◆ Records for this task
────────────────────
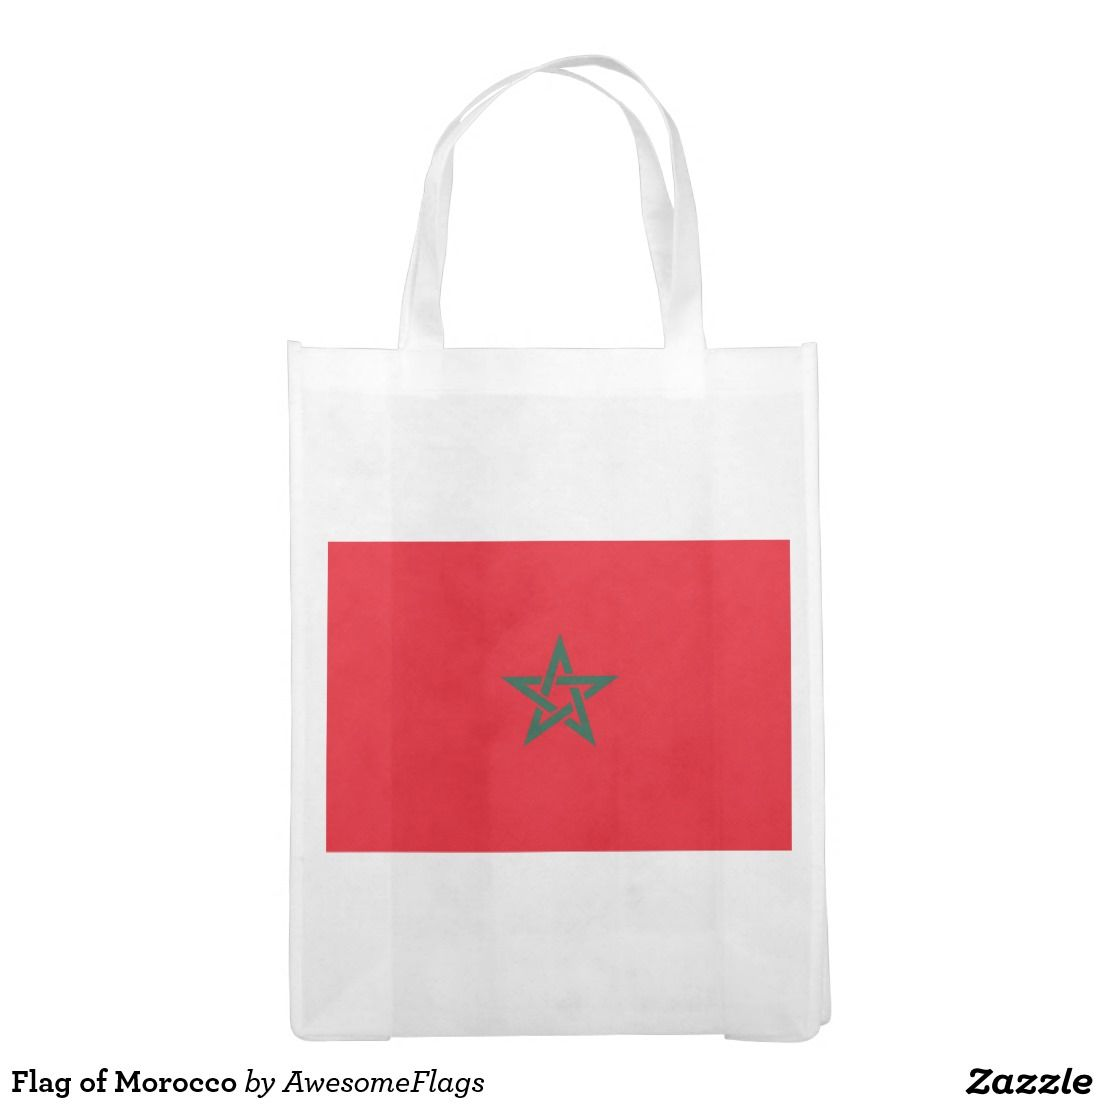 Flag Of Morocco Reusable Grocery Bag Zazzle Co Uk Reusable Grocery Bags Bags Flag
────────────────────
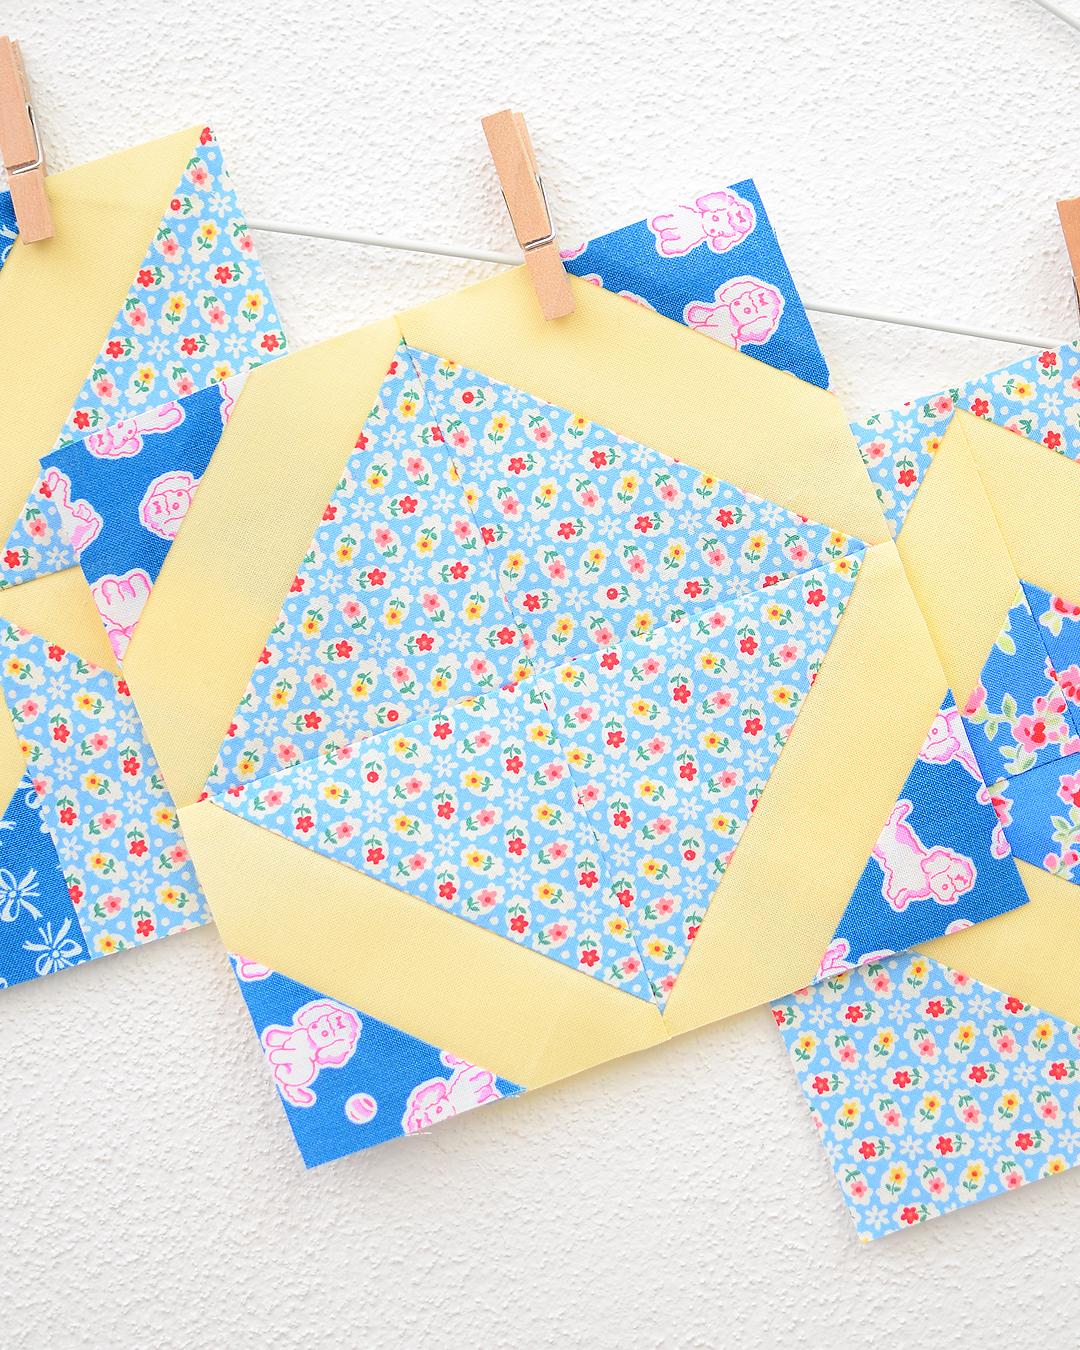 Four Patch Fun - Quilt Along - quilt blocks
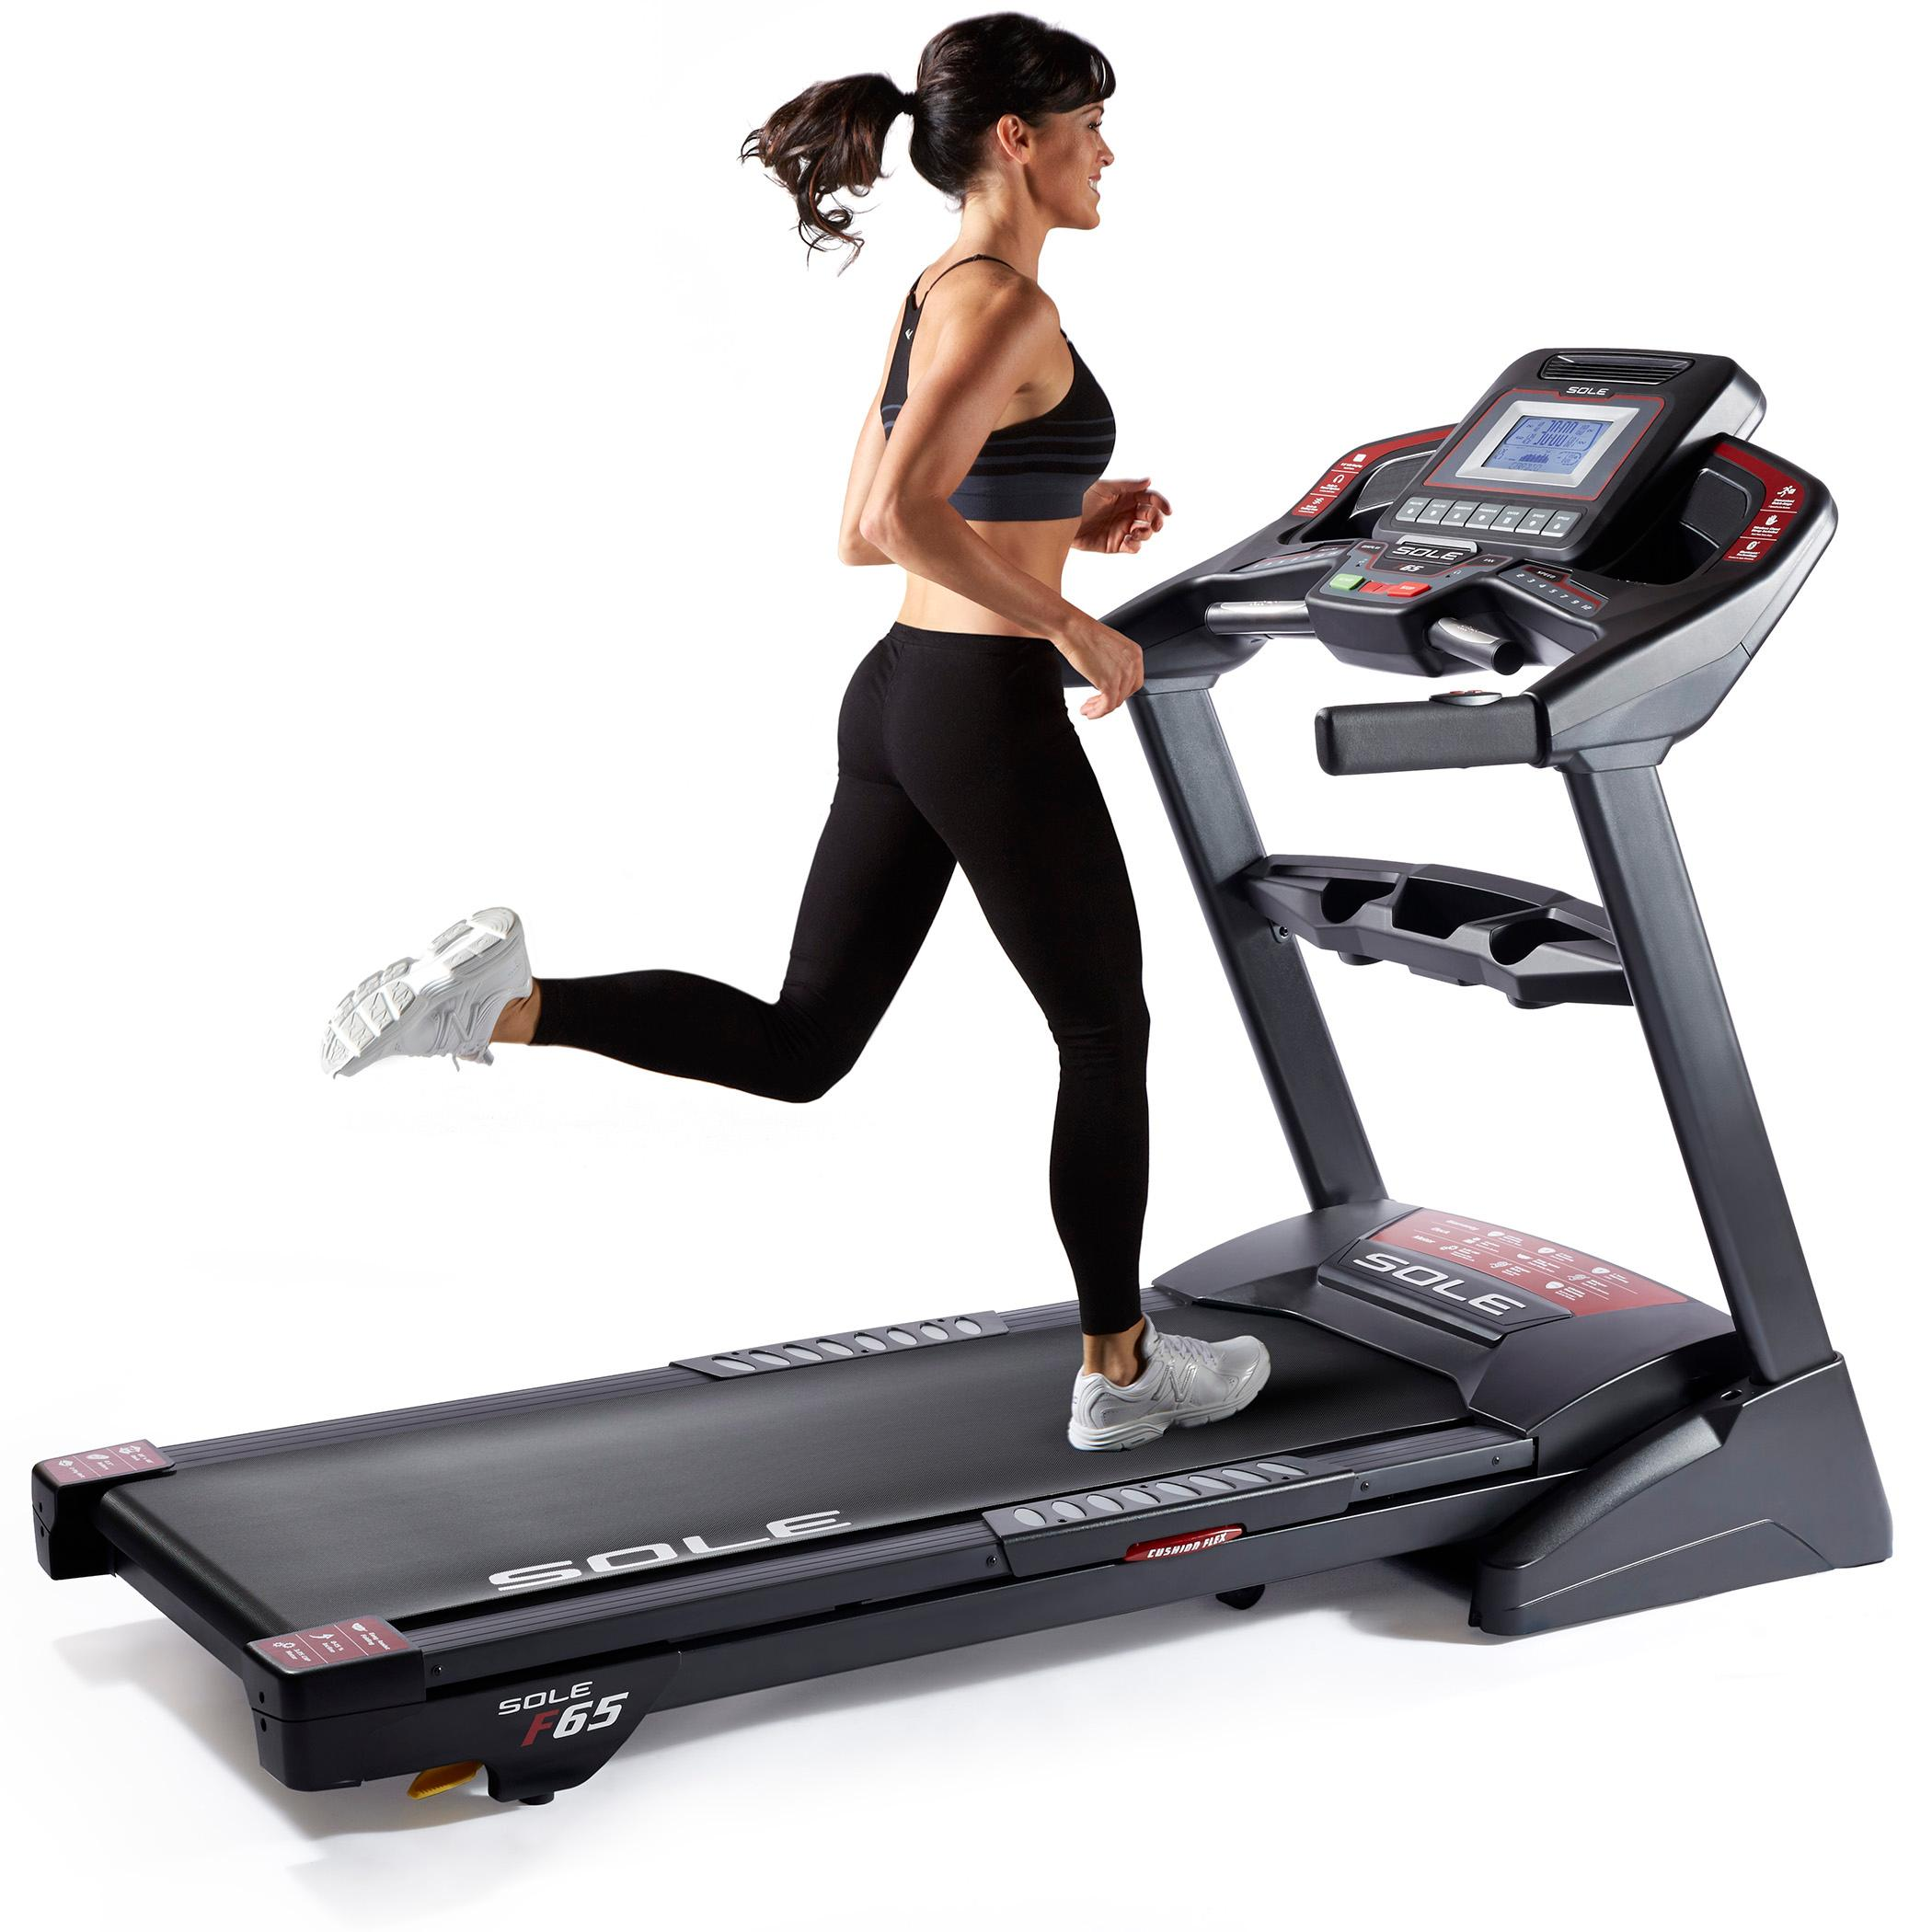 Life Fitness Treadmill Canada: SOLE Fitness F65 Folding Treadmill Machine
────────────────────
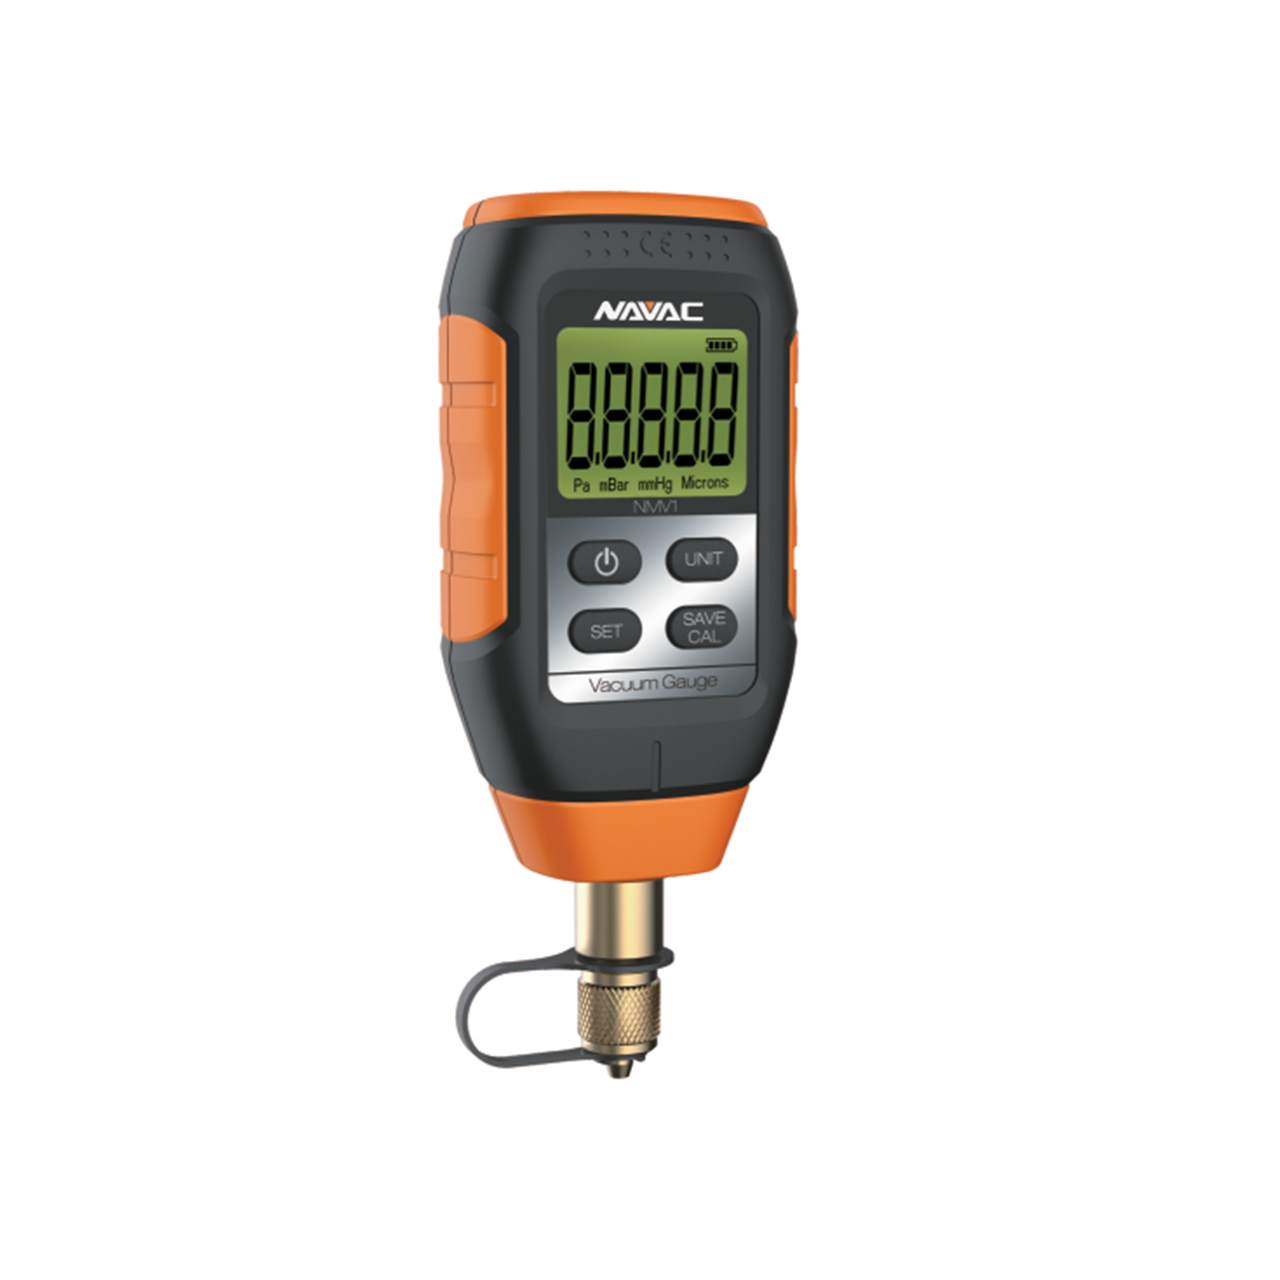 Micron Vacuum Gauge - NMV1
────────────────────
Write out again exactly the lines above from the one with "Four Patch Fun - Quilt Along - quilt blocks" through the one with "Life Fitness Treadmill", adding no other lines and no pictures.

 Four Patch Fun - Quilt Along - quilt blocks
 Life Fitness Treadmill Canada: SOLE Fitness F65 Folding Treadmill Machine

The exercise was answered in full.